*INSTRUCTIONS TO FOLLOW:* Strip the pictures, then copy the remaining data exactly as it stands.

(Beginning of DATA SHOWN)

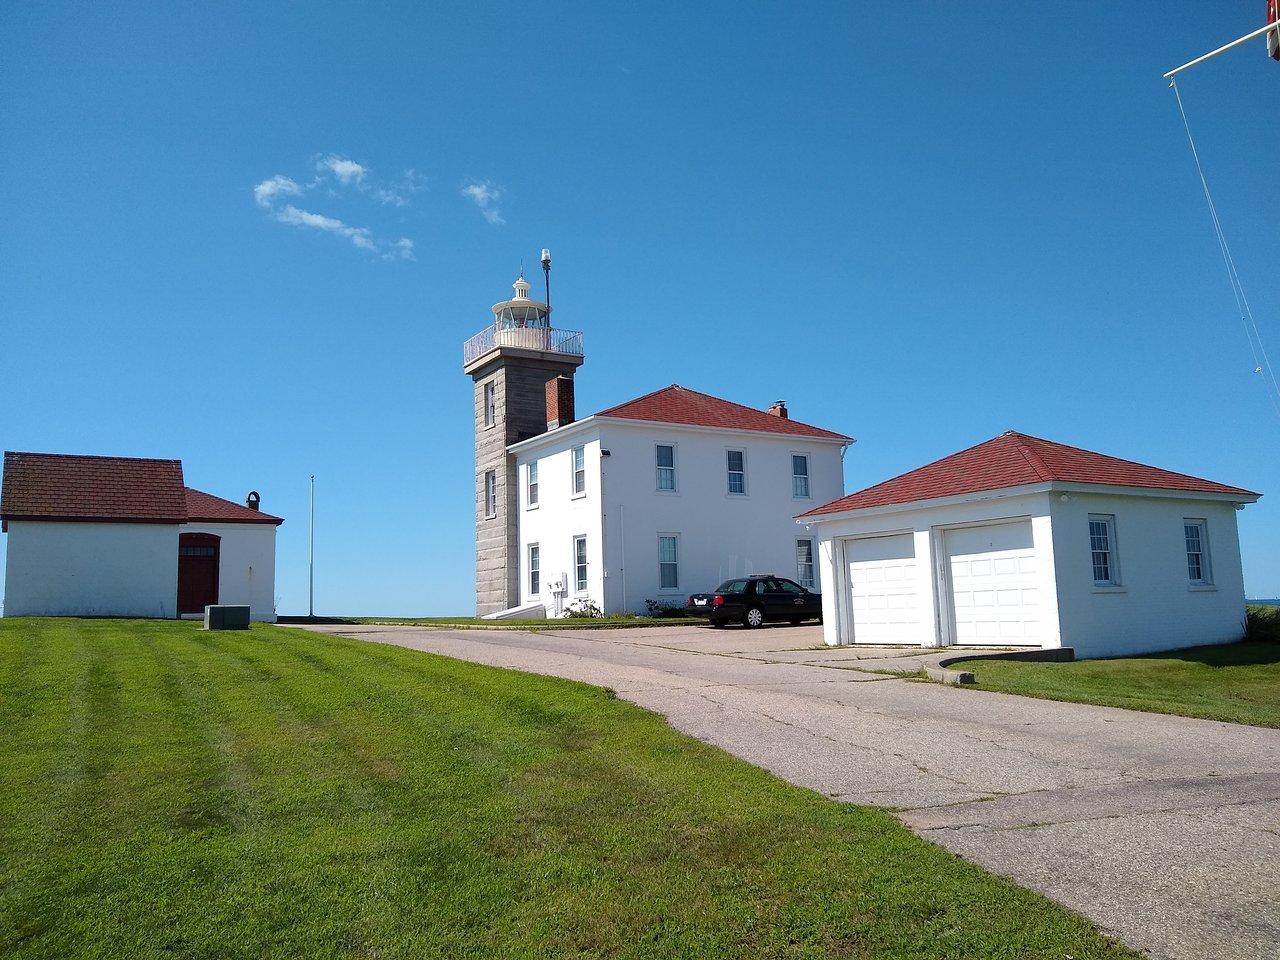 Watch Hill Lighthouse 2020 Ce Qu Il
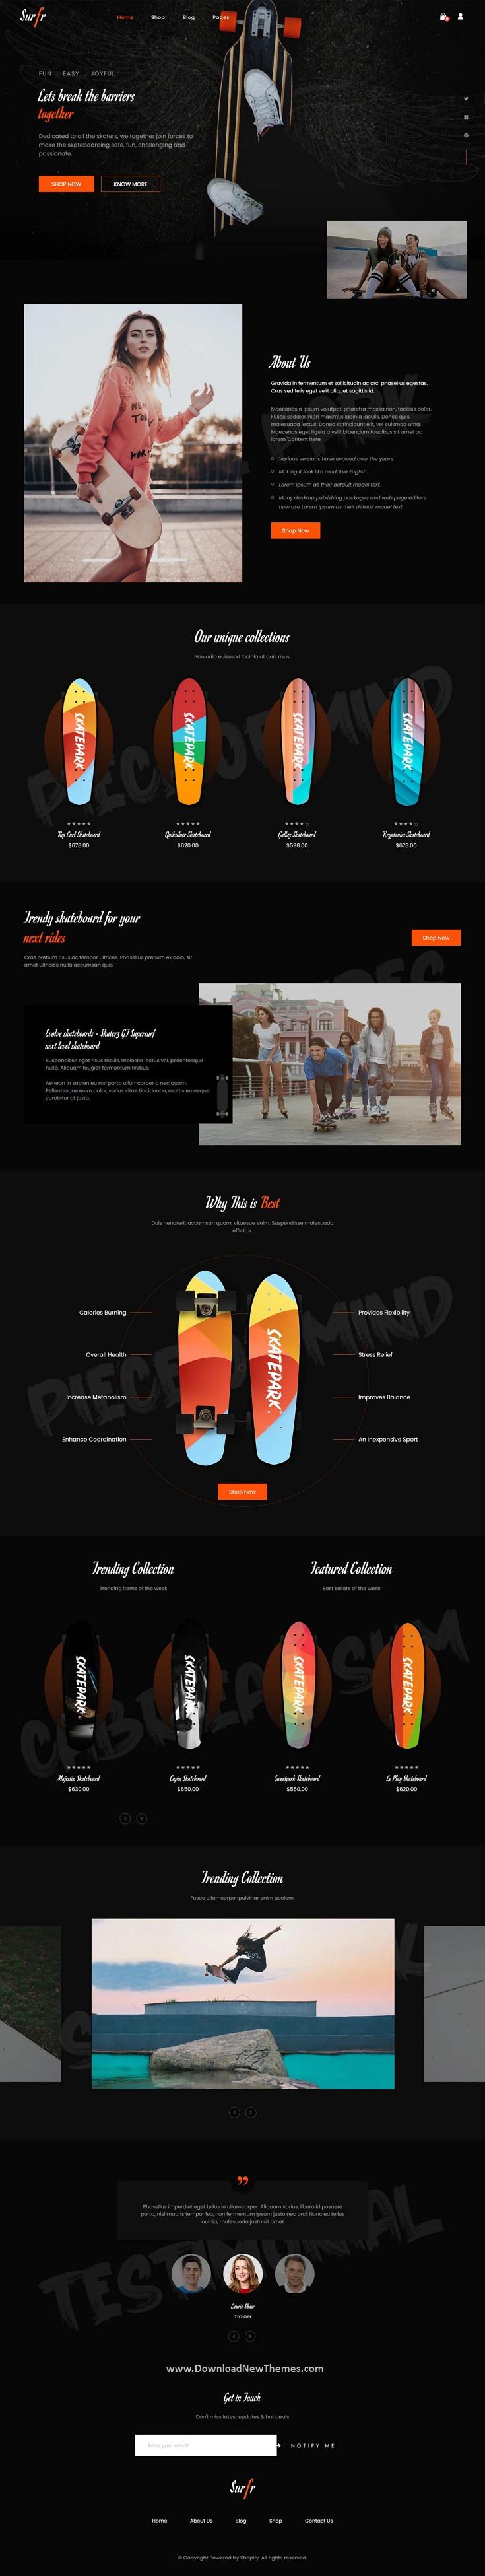 Skateboard Single Product Shopify Theme
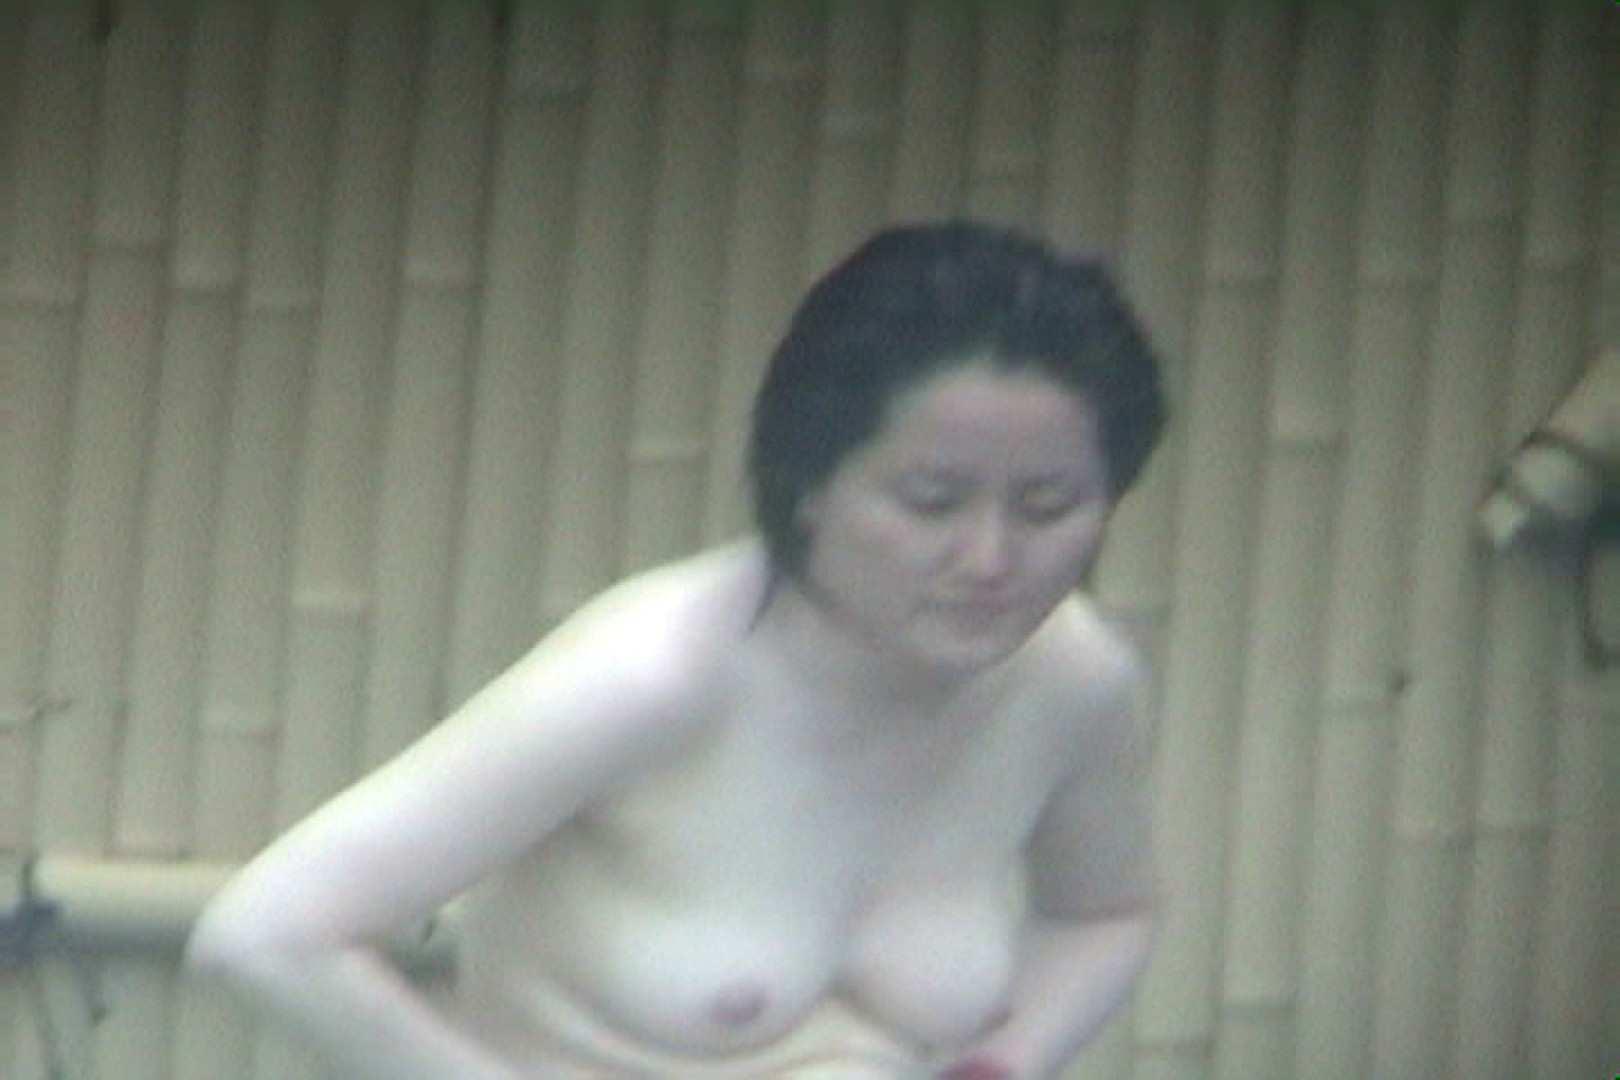 Aquaな露天風呂Vol.107 露天風呂編  111PIX 66

(End of DATA SHOWN)

*RESULT OF THE TASK:*
 Watch Hill Lighthouse 2020 Ce Qu Il
 Skateboard Single Product Shopify Theme
 Aquaな露天風呂Vol.107 露天風呂編  111PIX 66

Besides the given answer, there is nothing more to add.